From the line with "Women Maternity Suspender" to the end of the data below, restate each line word for word, both ends included, without the pictures.

## DATASET EXTRACT
——

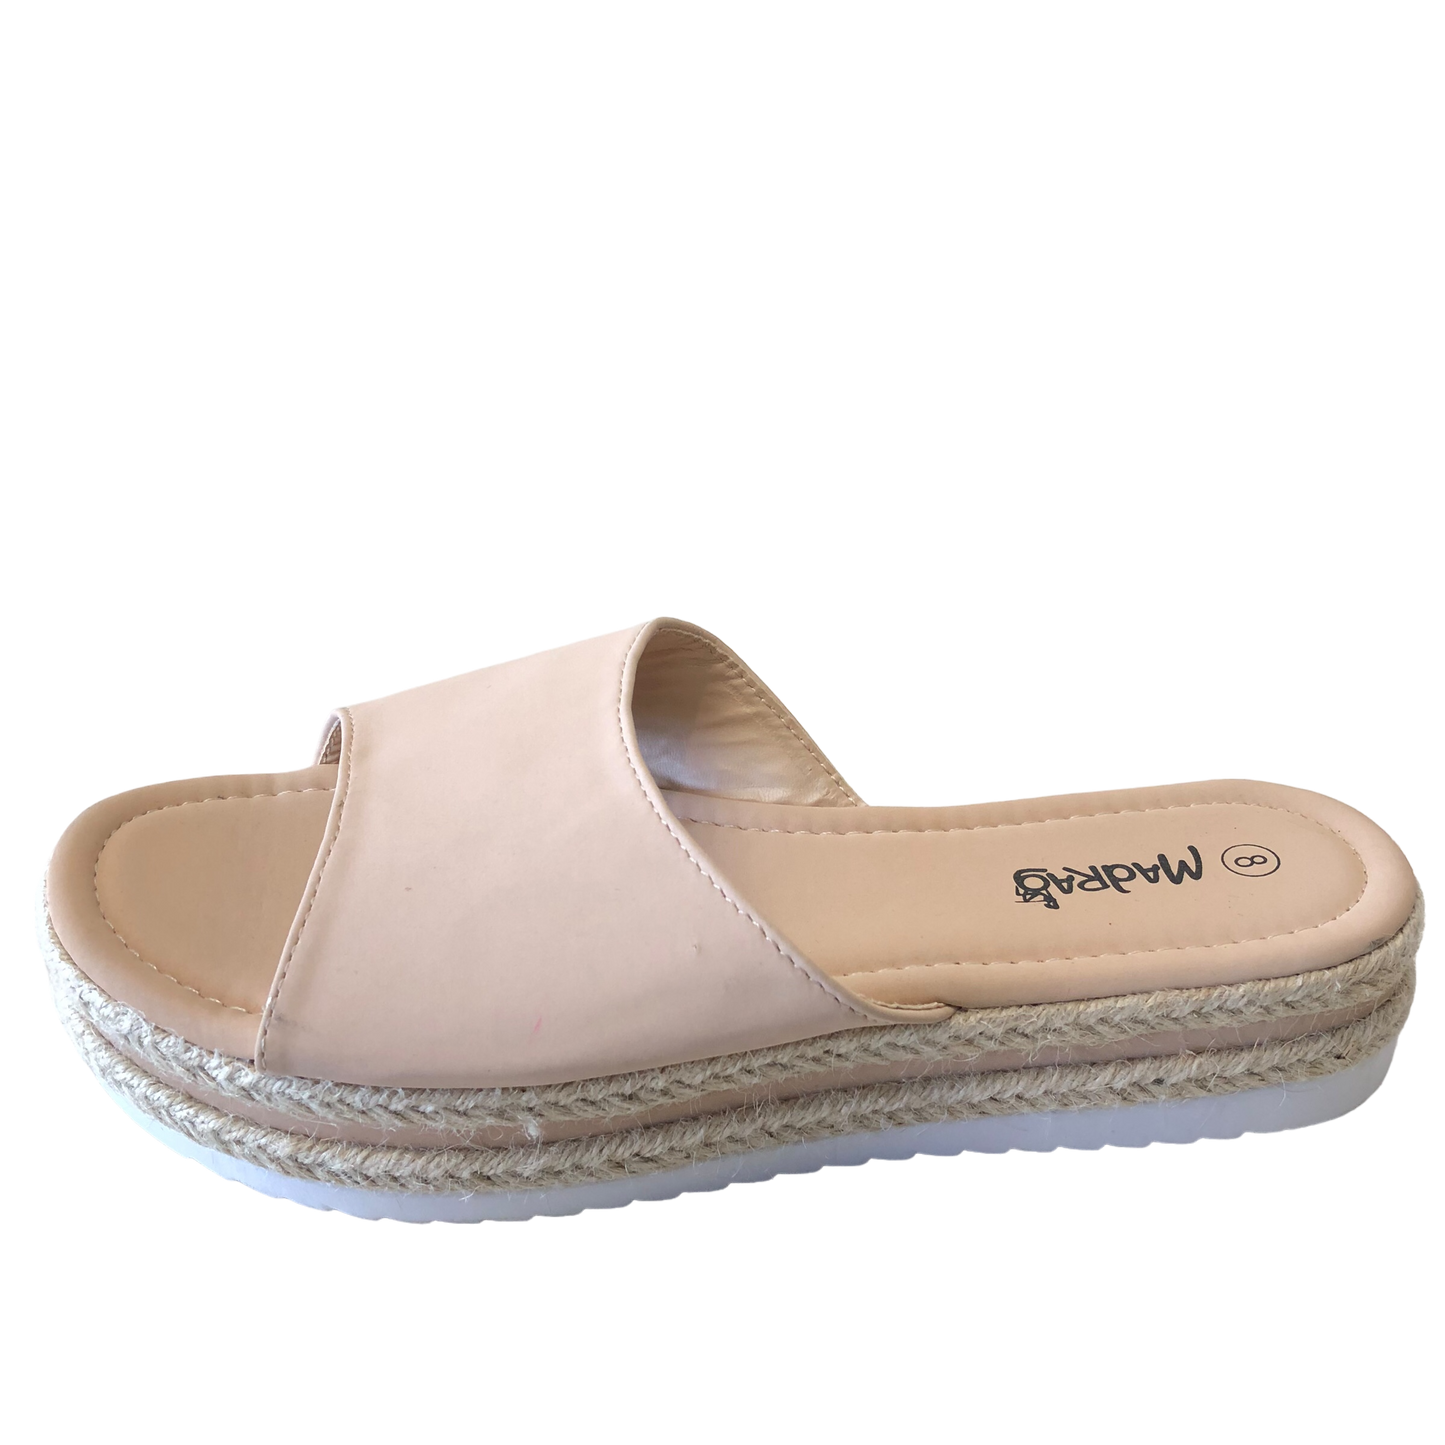 Beige Sandals Flats Cmc, Size 8
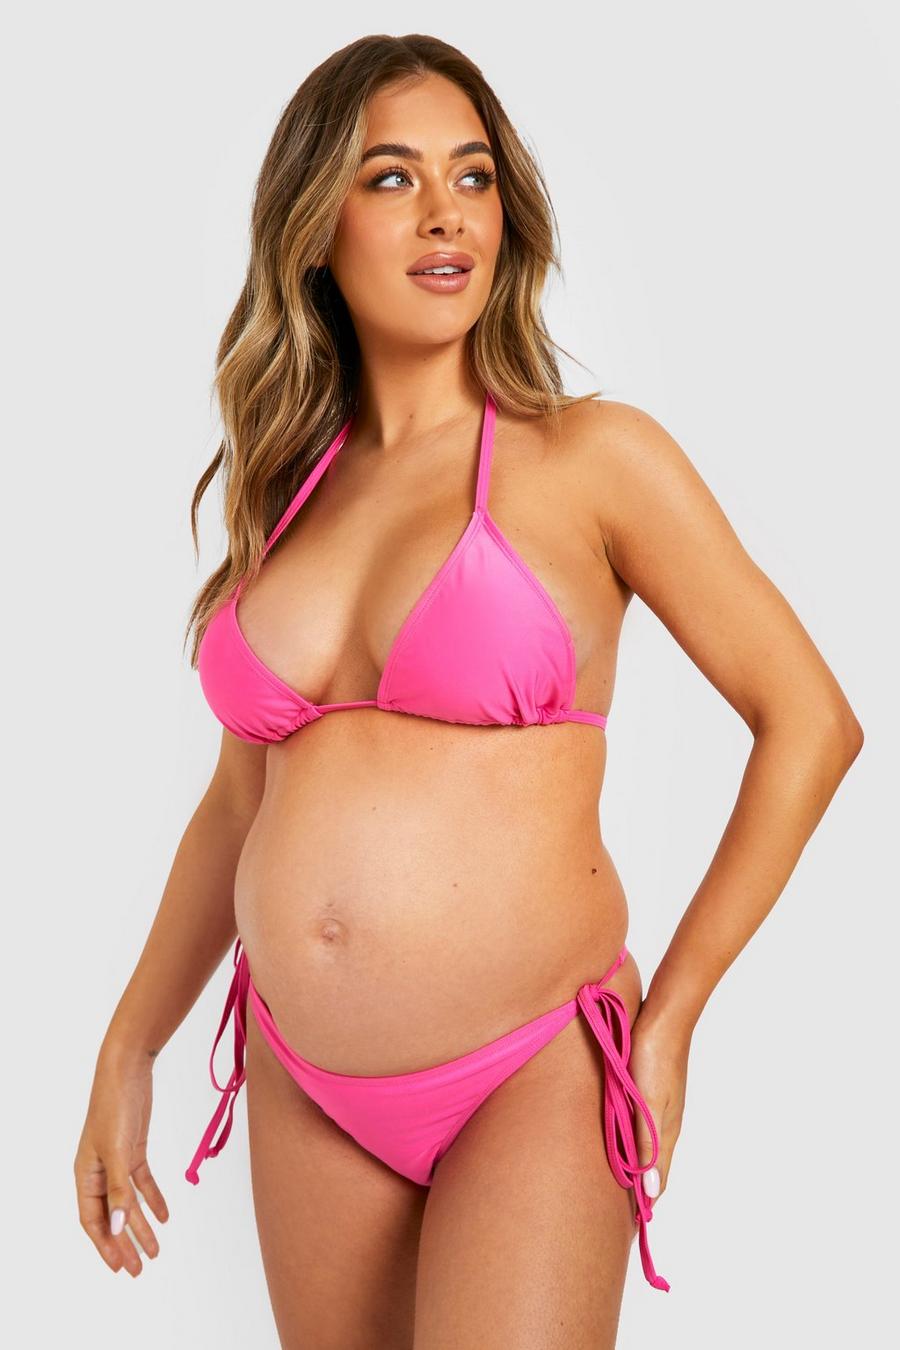 Women Maternity Suspender Soild Pink Swimsuit Pregnancy One-piece Swimwear  Swimsuit For Pregnant Woman Bikini Plus Size Cover Up - AliExpress
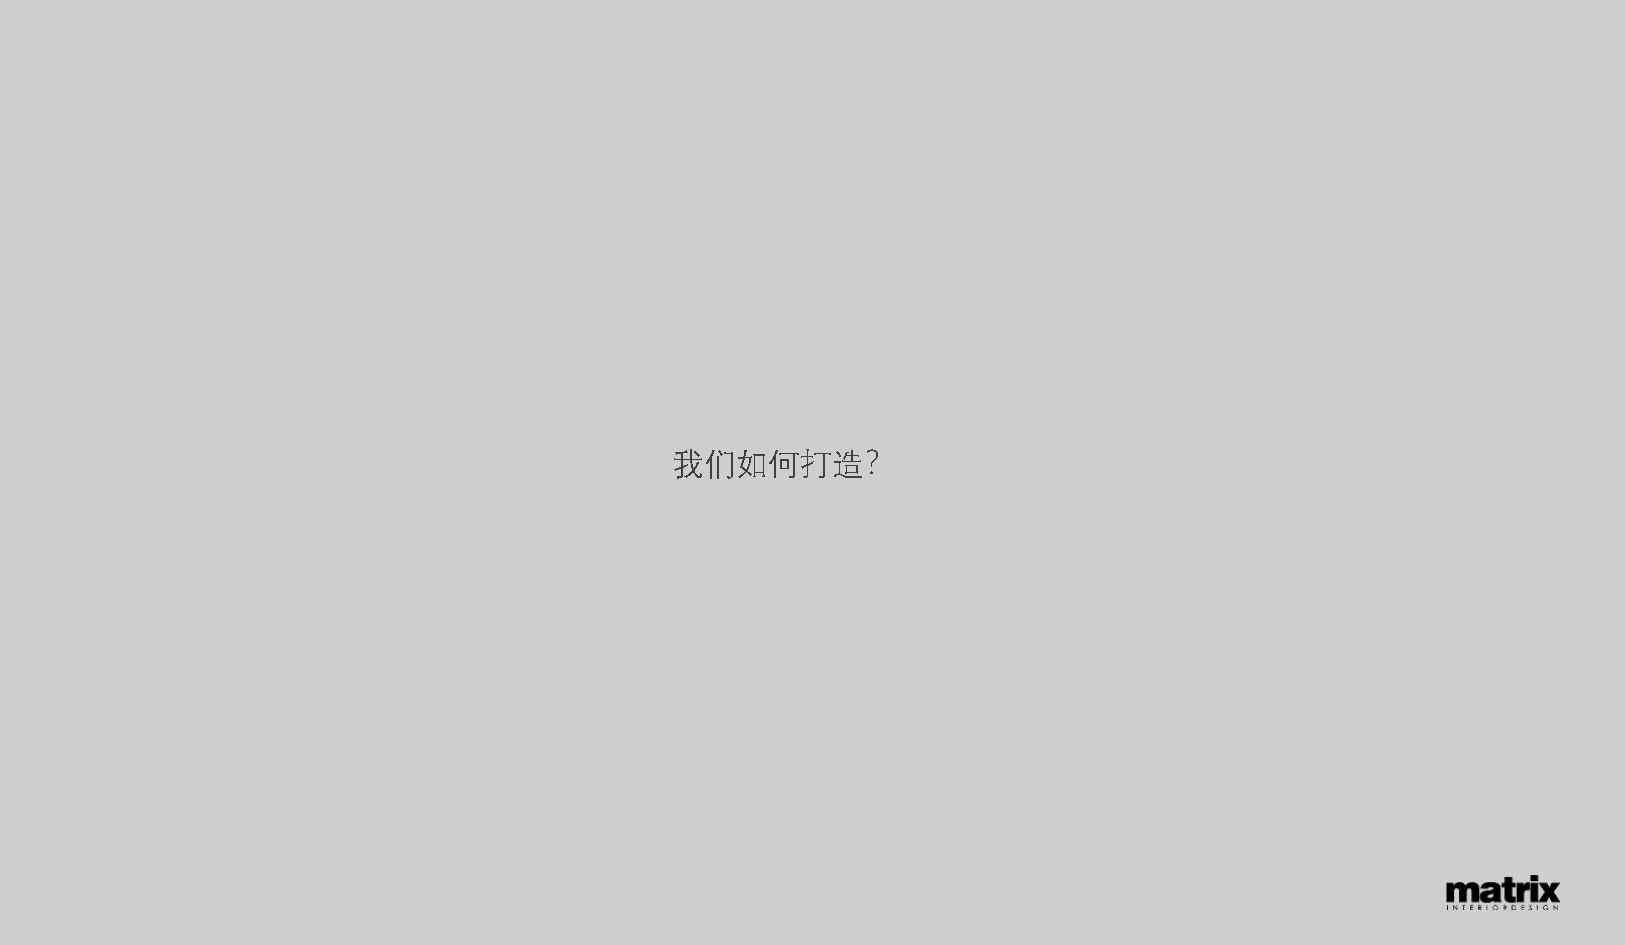  20210417 ¥_Page8.jpg

——

## RESULT FOR THIS EXERCISE
 Women Maternity Suspender Soild Pink Swimsuit Pregnancy One-piece Swimwear  Swimsuit For Pregnant Woman Bikini Plus Size Cover Up - AliExpress
  20210417 ¥_Page8.jpg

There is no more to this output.